Thermal power station
- Primary fuel: Natural gas
- Turbine technology: Gas turbine;
- IWPP?: Yes
- IWPP purification method: Multiple-effect distillation; reverse osmosis;
- IWPP water output: 591,500 m^{3}/d (241,800 cu ft/ks);

Power generation
- Nameplate capacity: 2,000 MW

External links
- Website: official website

= Fujairah F2 IWPP =

Fujairah F2 Independent Water and Power Plant or Fujairah F2 IWPP is an independent water and power plant (IWPP) at Qidfa', Fujairah in the United Arab Emirates. It is located next to the Fujairah F1 IWPP plant south of Khor Fakkan and north of the city of Fujairah. During inauguration, it was the largest desalination plant in the United Arab Emirates.

==History==
Abu Dhabi Water & Electricity Authority (ADWEA) - Now called as Abu Dhabi Energy Company (TAQA) selected International Power, now called as Engie Energy International and Marubeni Corporation to build the project in 2007. The plant costed $2.8 billion to build and took three years to be completely finished.

==Technical description==
The Fujairah F2 IWPP has an installed power capacity of 2,000 MW and it produces 591,500 cubic meter of water per day. GT26 heavy-duty gas turbines to the power plant will be distributed by Alstom, while the desalination plant will be built by Sidem.

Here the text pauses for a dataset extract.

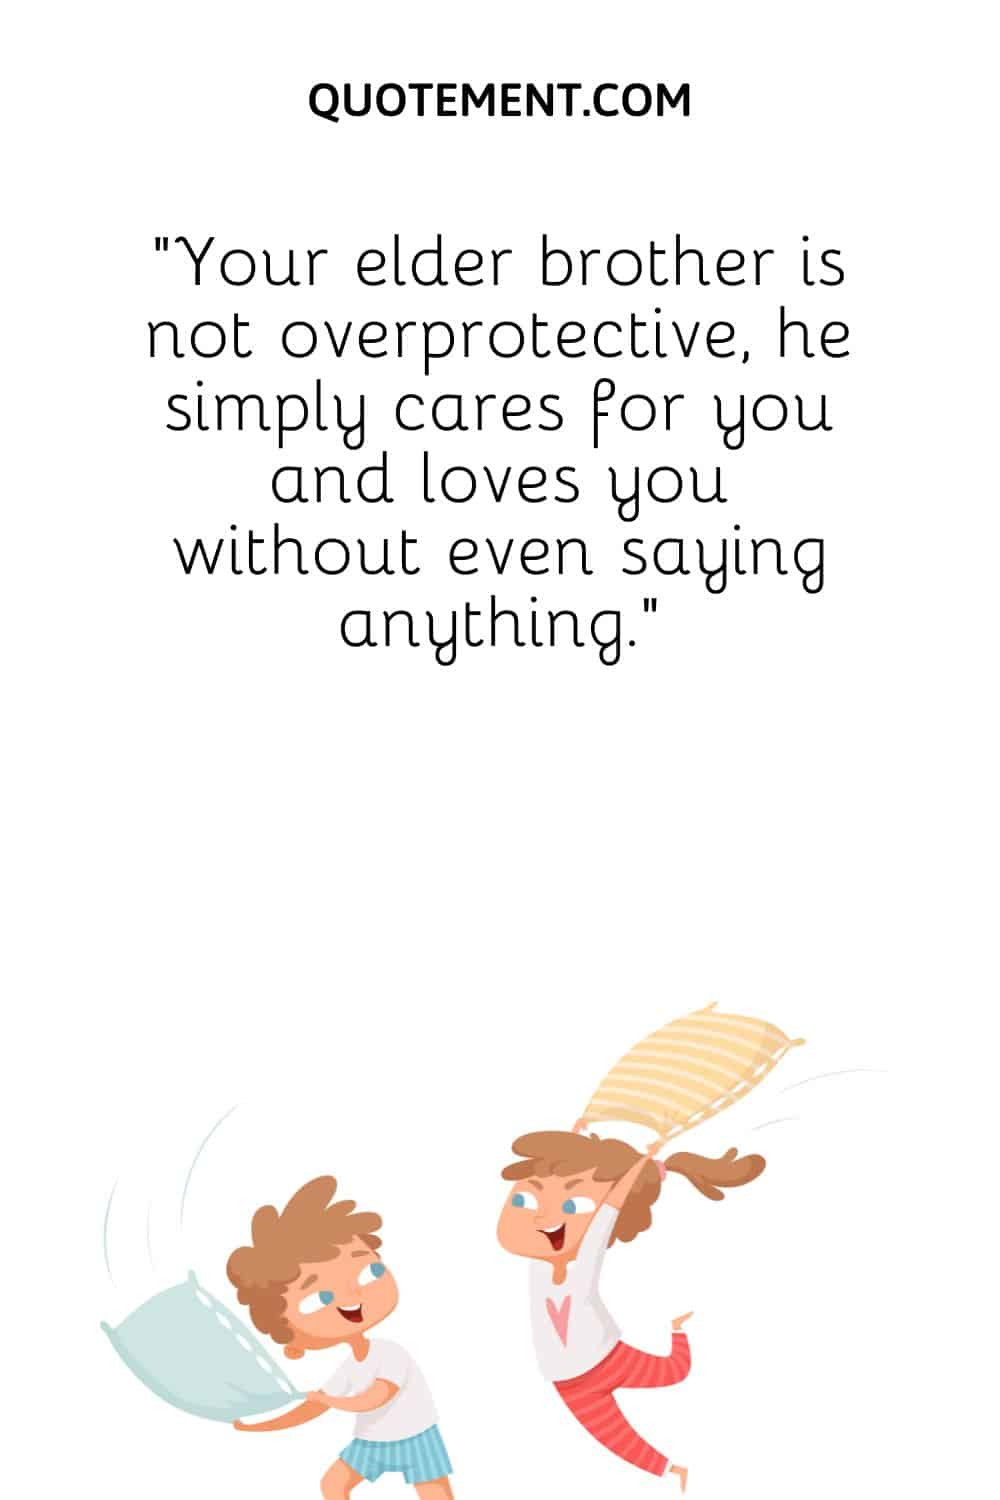 Your elder brother is not overprotective, he simply cares for you and loves you without even saying anything

For the water desalination, the plant uses a combination of two different desalination technologies. 455,000 cubic meter of water per day is produced using multiple-effect distillation (MED) technology and 136,500 cubic meter of water per day is produced using reverse osmosis technology (RO).

==Operating company==
The plant is owned by the Fujairah Asia Power Company (FAPCO), established on 23 October 2007. The shareholders of FAPCO are:

- The Abu Dhabi Water and Electricity Authority (ADWEA), Abu Dhabi Energy Company (TAQA) – 60%
- International Power Engie Energy international – 20%
- Marubeni – 20%

The plant will be operated by Fujairah F2 O&M Company Limited, an equal based venture between International Power and Marubeni. The Reverse Osmosis plant will be operated by Veolia Water.